EXERCISE DETAILS — Only the tail of the listing is wanted: the line containing "Brazilian bum bum" and all after it, repeated exactly, pictures omitted.

RECORDED DATA —
■ ■ ■ ■
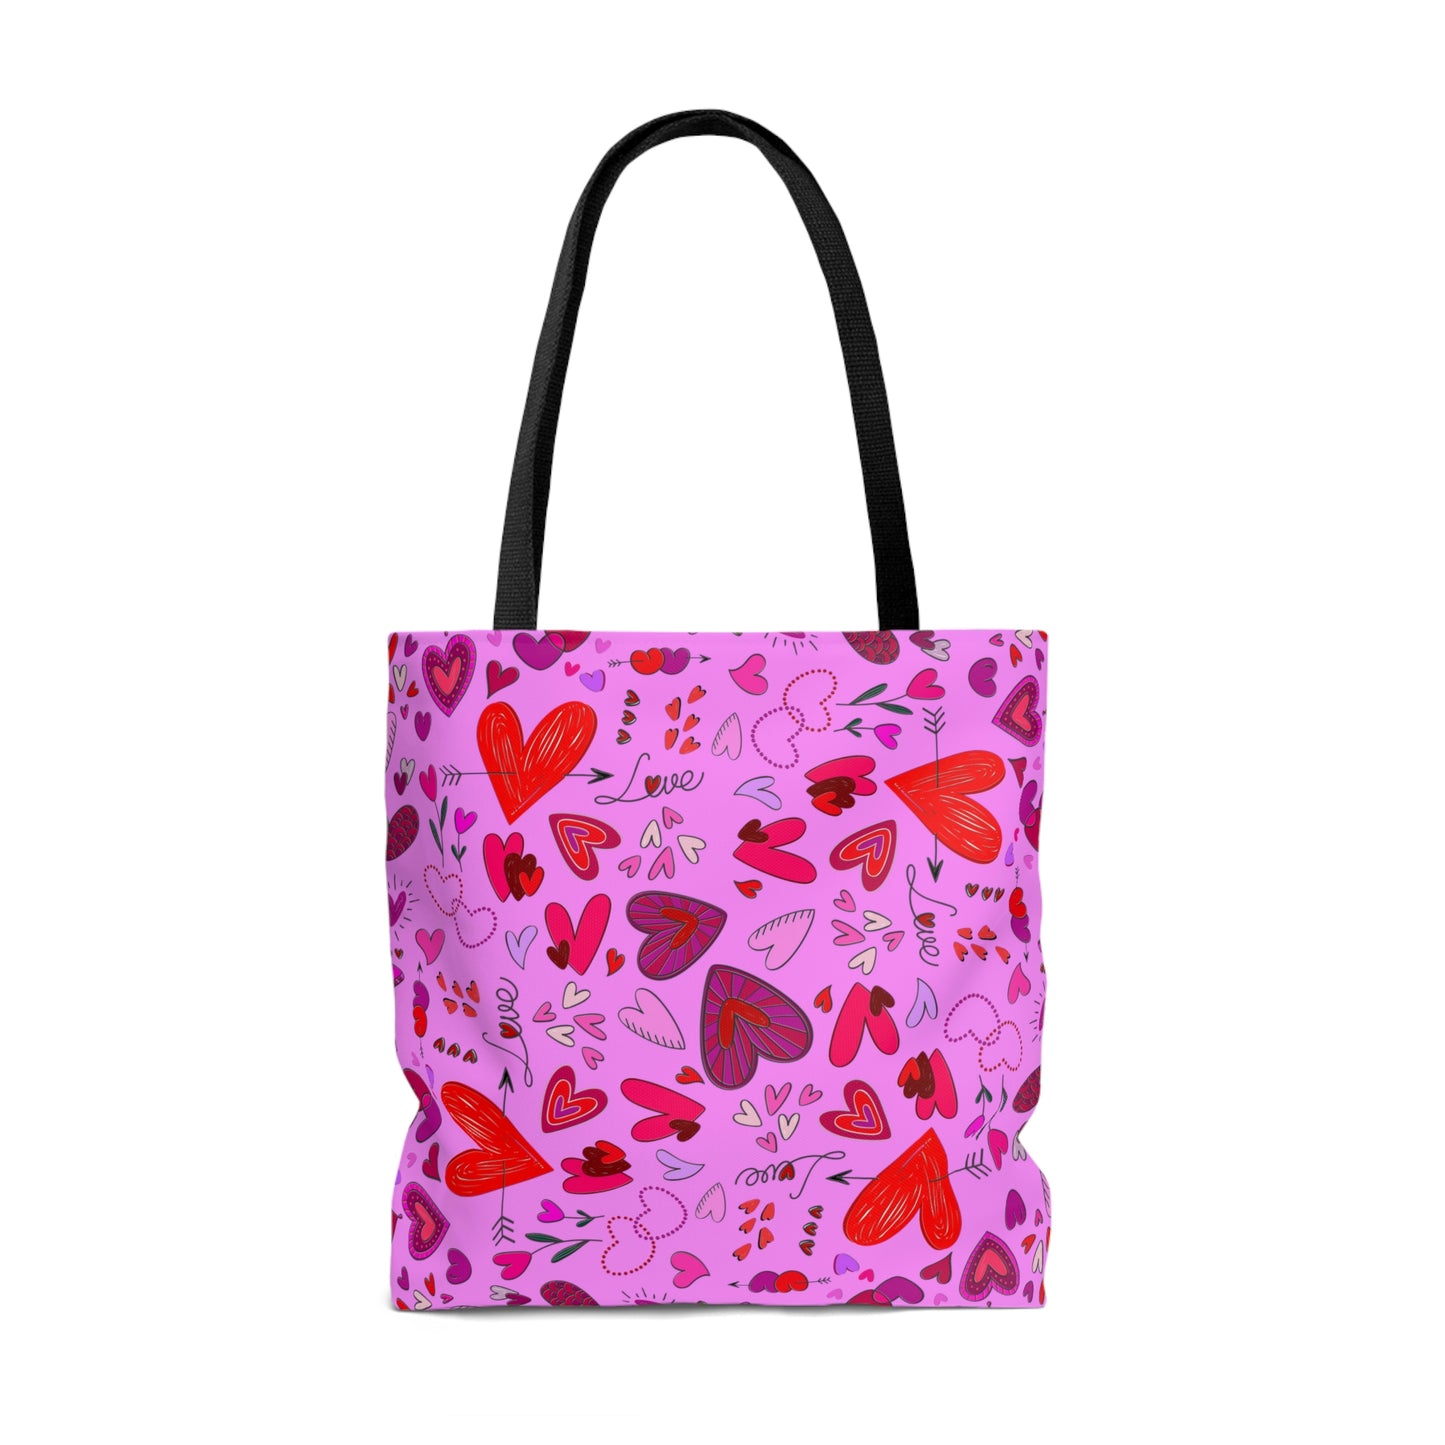 Heart Doodles - Fuschia Pink ff8eff - Tote Bag
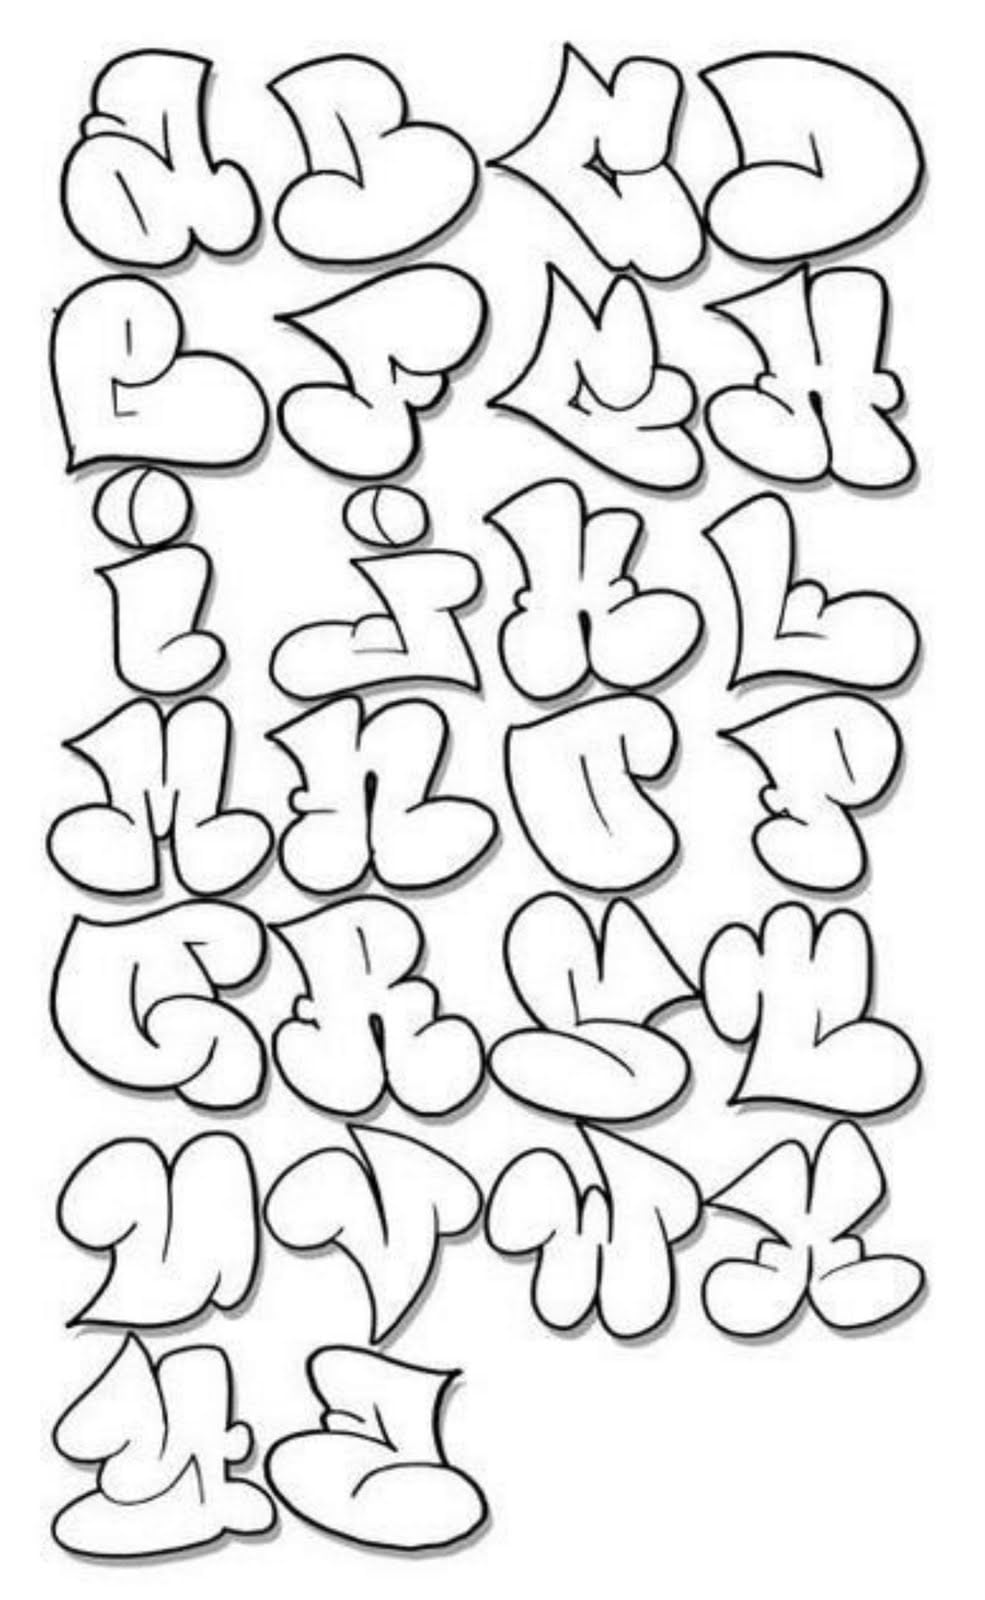 Graffiti, 3d Alphabet And Letters On Pinterest
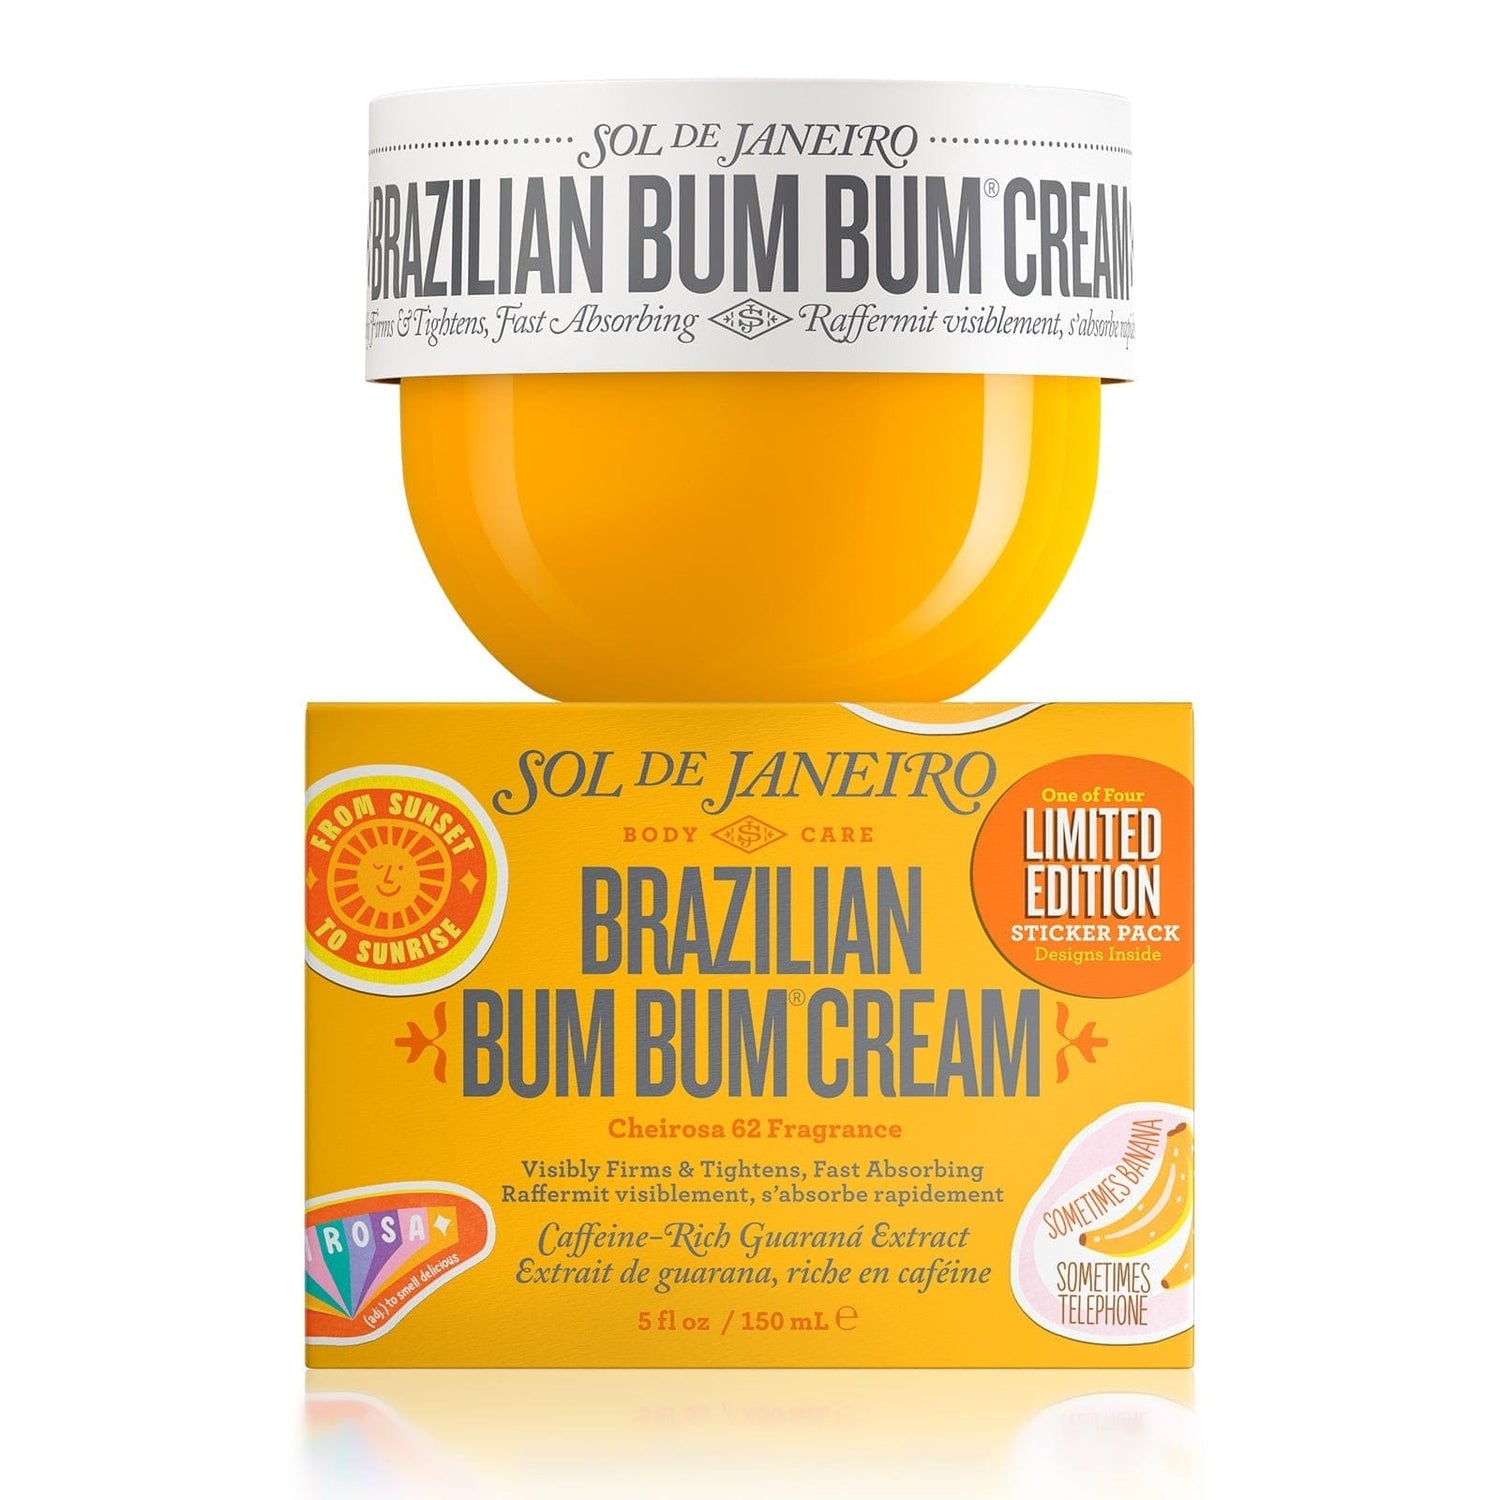 Brazilian bum bum cream with limited edition sticker pack 150ml
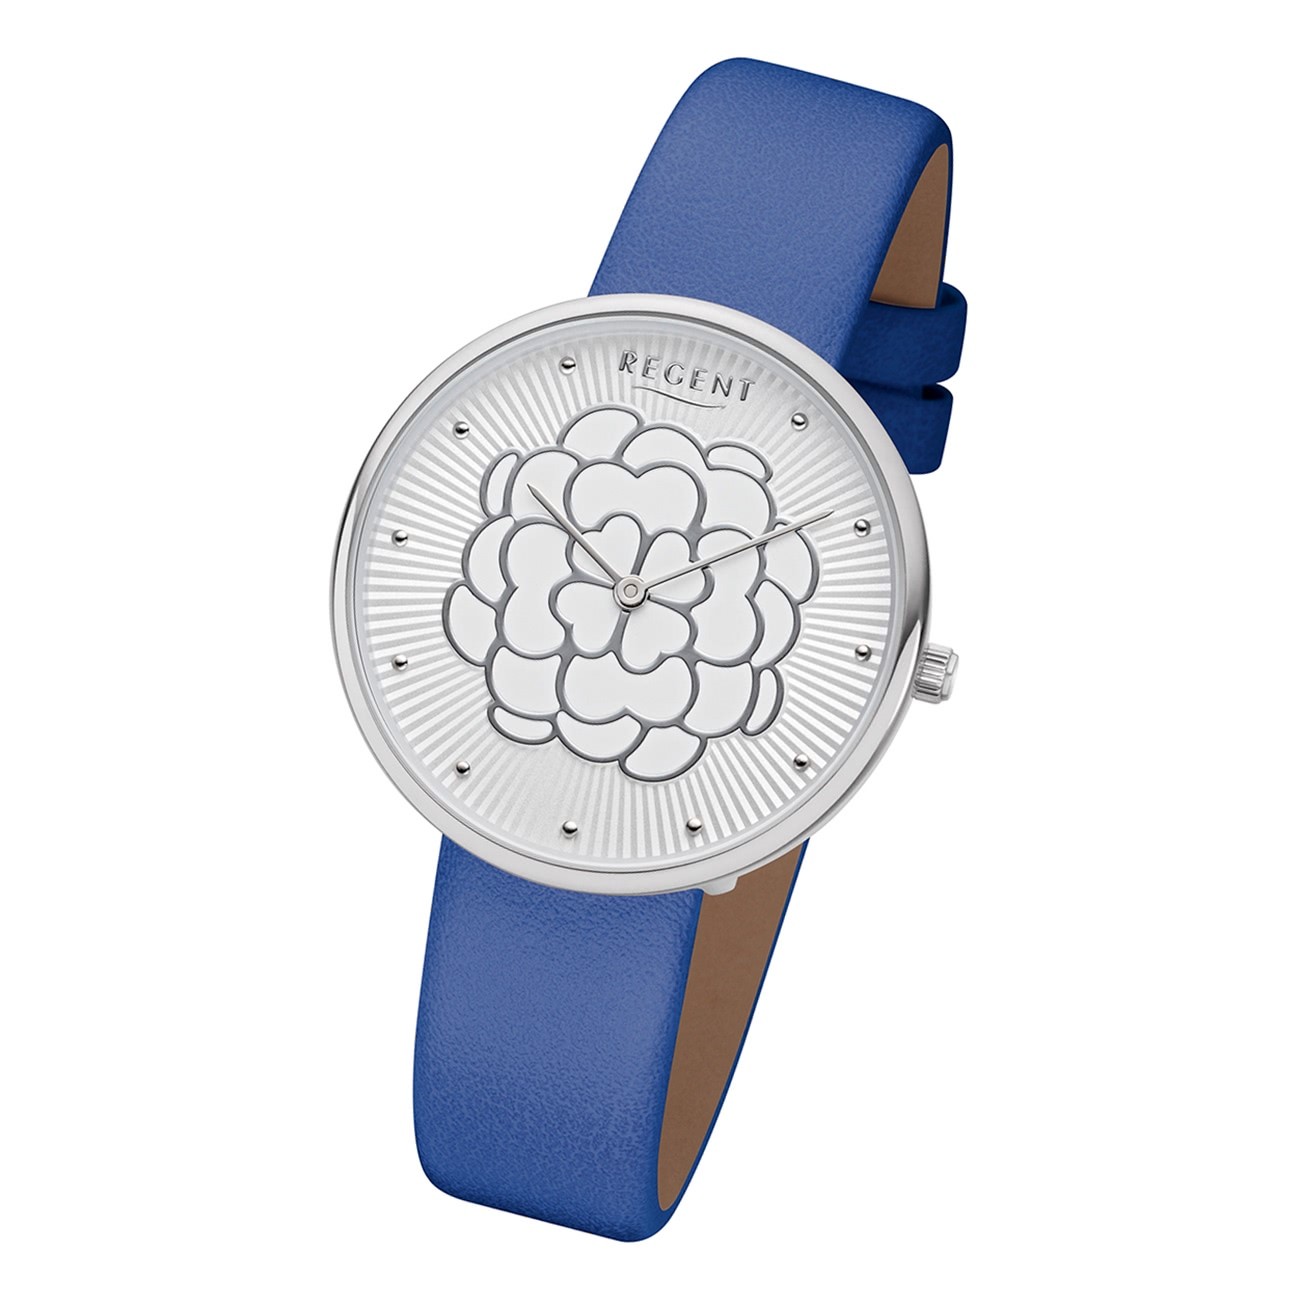 Regent Damen Armbanduhr Analog BA-603 Quarz-Uhr Leder blau URBA603
■ ■ ■ ■
OUTPUT FOR THIS TASK —
 Brazilian bum bum cream with limited edition sticker pack 150ml
 Regent Damen Armbanduhr Analog BA-603 Quarz-Uhr Leder blau URBA603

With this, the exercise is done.